Ни об очередном «заказе», что надо доставить в порт через десяток часов.
Но… нет. Привычная саморефлексия не помогала, а томное, перемежаемое редкими, сладостными стонами, дыхание, тепло медленно покачивающегося тела, пахнущие едва-различимым ароматом крови мокрые пепельные волосы, то и дело шевелящаяся попка, в которую упирался его возбуждённый член, и ощущения, что нервные окончания погружённых в мокрую киску и не менее мокрый ротик пальцев отправляли в сознание — пьянили не хуже фирменного и, как считал Уэбб, просто неповторимого, сигбрау, парой бочонков которого ему однажды удалось разжиться.
— Неужели хочешь ещё? — усилив напор пальцев, Энтони задал поистине провокационный вопрос.
Однако ответа не было.
Было лишь действие Карасубы, которая, тем не менее, тоже «хотела ещё».
И не было понятно чего.
Однако, поддалась ли она животным позывам тела, пропагандистских речей о том, что любовь ашикаби даст сэкирэй сил, или же той энергии, что медленно, капля за каплей, без тех резких скачков, из-за которых сэкирэй «пробуждаются», активируя норито и тут же впустую сжигая полученную энергию, вливалась в неё с каждым их контактом, уводя «мутацию» в иное, более глубокое и извилистое, русло, — было ни для Энтони, ни для Карасубы сколь-либо важным, ведь: «И пусть весь мир подождёт.»
Просторная душевая кабинка, словно погружающая небольшой участок пространства в тропический ливень, давала достаточно простора для манёвра — Карасуба, напрягши мышцы, извернулась в не такой уж крепкой хватке Энтони, прислоняя своё лицо к его, и, немного привстав на носочки, ощущая гуляющие по спине руки, своими руками направляя член парня к своему лону.
В следующий момент, уже будучи прижатой к стене, она испускает громкий стон прямо в губы Уэбба — их уста так и не разомкнулись, а сомкнутые веки говорили не то о глубокой задумчивости, не то о наслаждении процессом, не то о сосредоточении на собственном «Я».

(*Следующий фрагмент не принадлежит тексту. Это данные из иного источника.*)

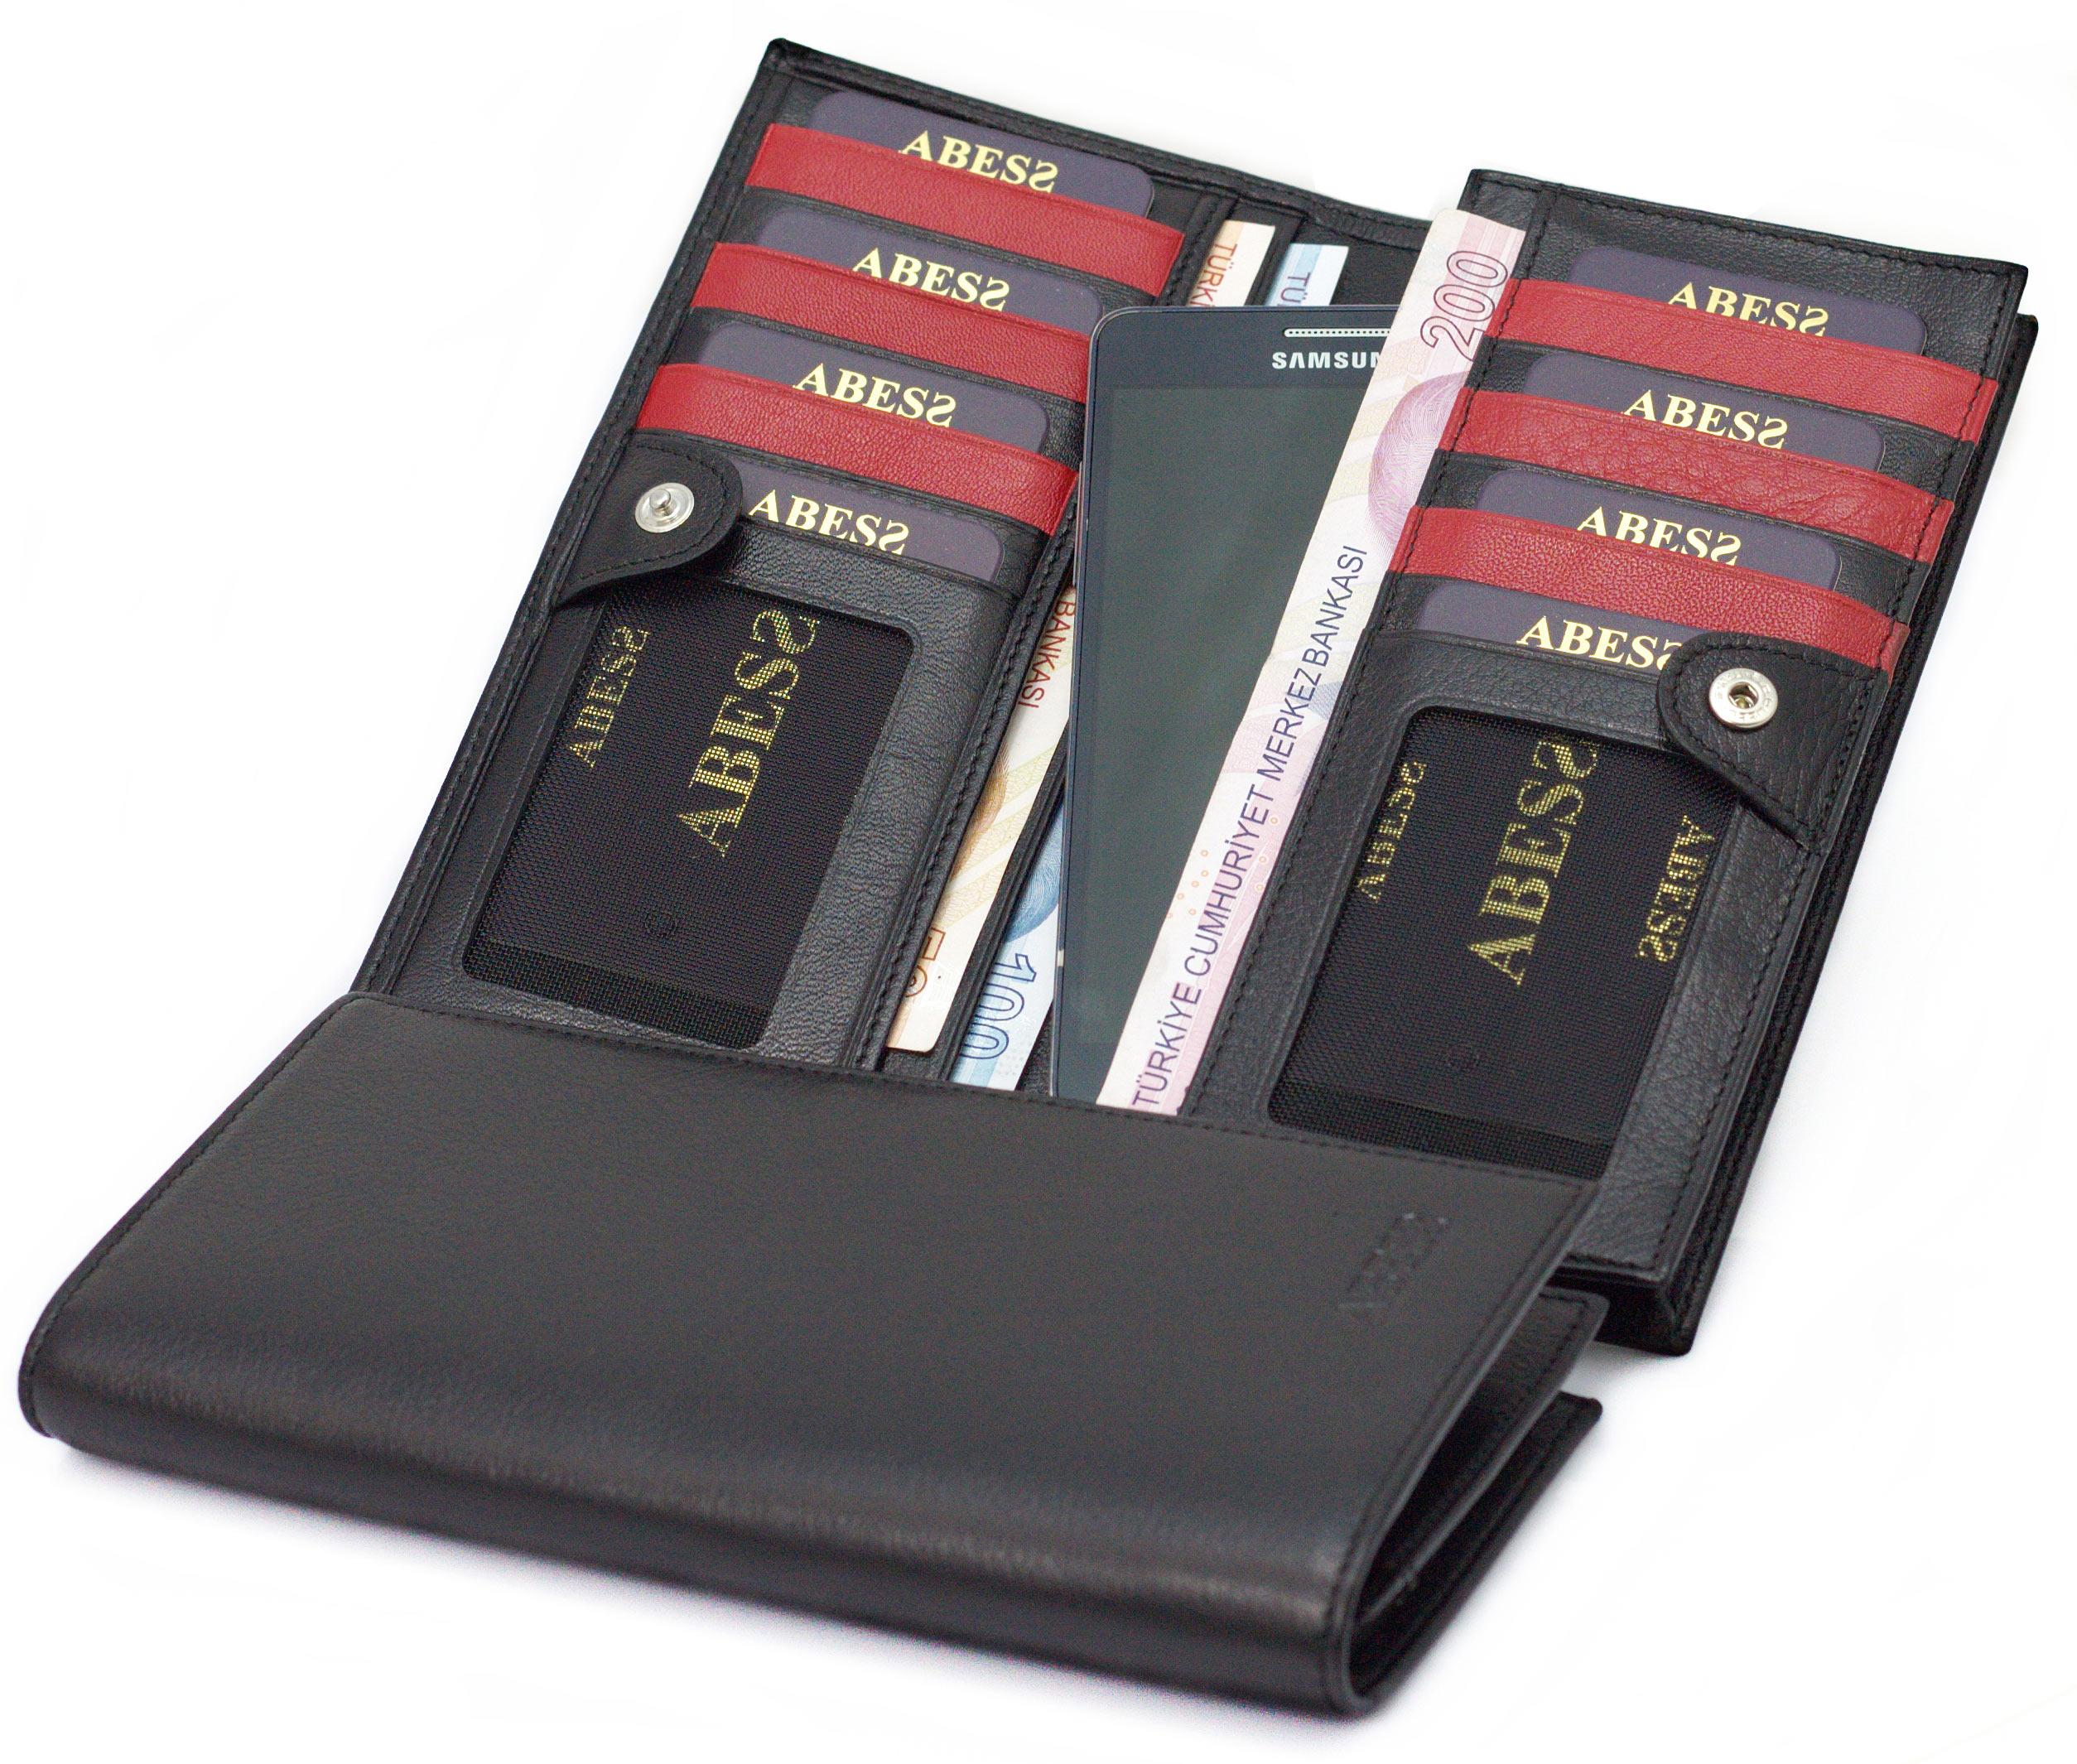 cd7f814840234 ABESS Cüzdan Kartlık , Telefon Bölmeli Lüks Gerçek Deri Cüzdan « ABESS

Последовали мягкие толчки — то, чему десяток часов назад вовсе не было места.
Через десяток минут — когда перестало хватать воздуха в лёгких, они на мгновения разорвали поцелуй, опуская лица вниз — дабы струи воды не попали в лёгкие вместе с жадными вздохами — и вновь начали глубокий, «французский», поцелуй.
И только сейчас Карасуба задумалась над теми бесконечными шрамами, что буквально усеивали тело её ашикаби — не иначе, как неким чудом обходя привлекательное лицо, однако, в том числе, наличествуя и на шее, а несколько и вовсе словно были скрыты под объёмной чёрной шевелюрой.
И, начав осмысленно изучать те, она в шоке распахнула глаза, пытаясь преждевременно разорвать поцелуй — она поняла то, что очень многие из них, скорее, должны принадлежать восставшему из могилы мертвецу, чьи внутренние раны каким-то чудом зажили, но кожа несла на себе рубцы фатальных даже для сэкирэй ран!
Чего только стоит факт, что в пространстве между рёбер на спине — множество — десятки, а, возможно — и даже сотни — рубцы от колющих ударов, явно неограничившихся простым рассечением кожи и мышц, а по позвоночнику (и рядом с ним) — несколько огромных рубцов, словно какой-то неаккуратный хирург топором сначала вскрыл позвонки, а потом и вовсе — хотел вырезать позвонки!
И это только те раны, что, на ощупь, были не то, что смертельными — а нанесены были не то практикующим, но не очень аккуратным, хирургом на операционном столе, не то ударами в спину от невероятных в своём мастерстве воинов.
А уж всяких на ощупь то ли не столь умелых, то ли не столь удачливых ударов — и вовсе было не счесть.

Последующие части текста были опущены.